P.S. Y'know, I kind of wonder if I've bitten off more than I can chew with "Kantaro Tsukiyo Uta". Sure, it's a fun little tune, and I've been honing my vocal ability with professional help over the past six months, but, by golly, the vocal gymnastic work on this one is absolutely brutal! Ah, well. I'm pretty sure Grandma K's not going to mind some screw-ups here and there.

Wednesday, February 20, 2019

CreepHyp -- Obake de Ii kara Hayaku Kite(おばけでいいからはやくきて)


I have to admit that it was the music video which first got my attention more than the actual song itself, although "Obake de Ii kara Hayaku Kite" (Come Quick Even If You're A Ghost). However, this short and sweet number by the rock band CreepHyp(クリープハイプ)has come to grow on me because it was on pretty heavy rotation on NHK's "Minna no Uta"(みんなのうた).

Apparently, it wasn't released as an official single but it was put onto the "Minna no Uta" lineup for February and March 2018. The song, created by vocalist and guitarist Sekaikan Ozaki(尾崎世界観), is a quick and playful song about a hybrid hamster and rucksack which initially feels as if it had been abandoned by its beloved owner in a toy store. I do like the rapid guitar work in the song; rather reminds me of hamster feet going at full speed.

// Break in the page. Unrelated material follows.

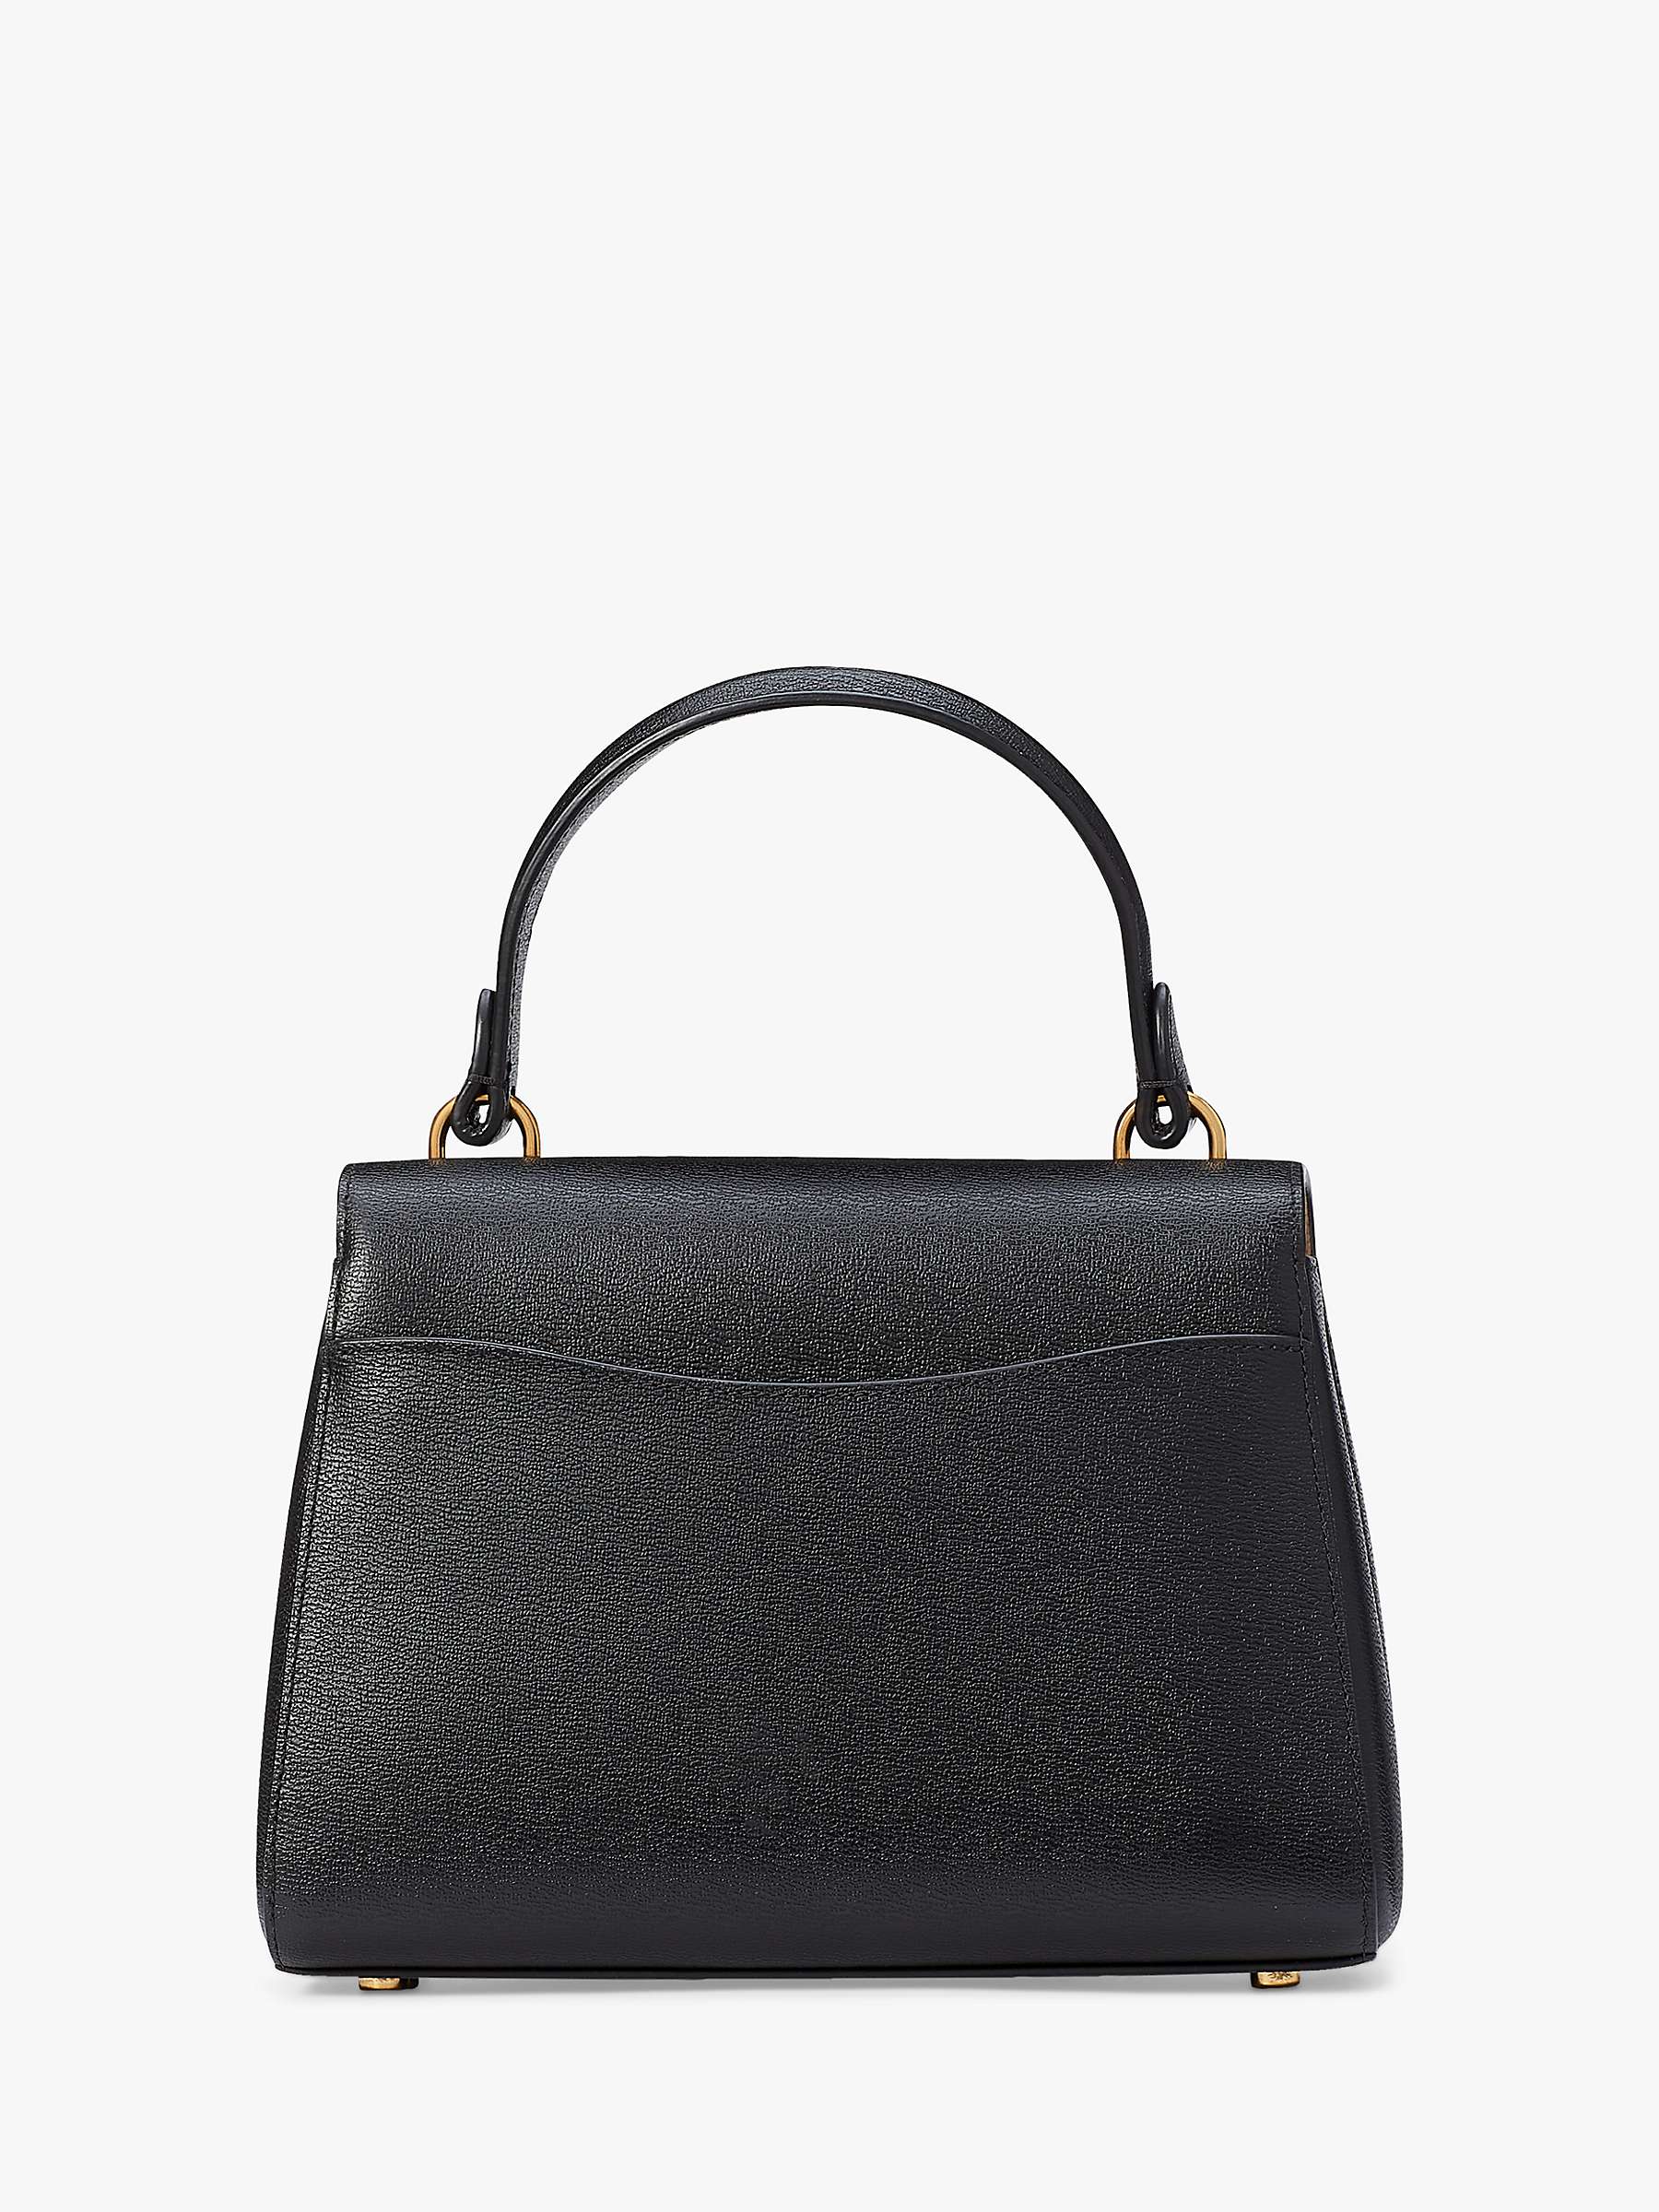 Buy kate spade new york Katie Leather Top Handle Grab Bag Online at johnlewis.com

But as I said, the video got my attention for its style of old-fashioned posters and manga brought to life which seems to be one of the hallmarks for the animation craft team AC-bu(AC部...Department AC). I used to see illustrations of that sort whenever I visited the mock-up of 1950s Tokyo at the Shin-Yokohama Ramen Museum. AC-bu has come up with the looks for a number of commercials and music videos including "Obake de Ii kara Hayaku Kite", and I think they even took care of the anarchic anime "Pop Team Epic" last year.

Going back to CreepHyp, though, the band first started out in 2001 as an indies rock group and underwent a number of personnel changes before getting their major label in late 2012. Currently, CreepHyp has four members: the aforementioned Ozaki, guitarist Yukichika Ogawa(小川幸慈), bassist Kaonashi Hasegawa(長谷川カオナシ)and drummer Taku Koizumi(小泉拓). Since 2012, they've released 11 singles and 5 original albums.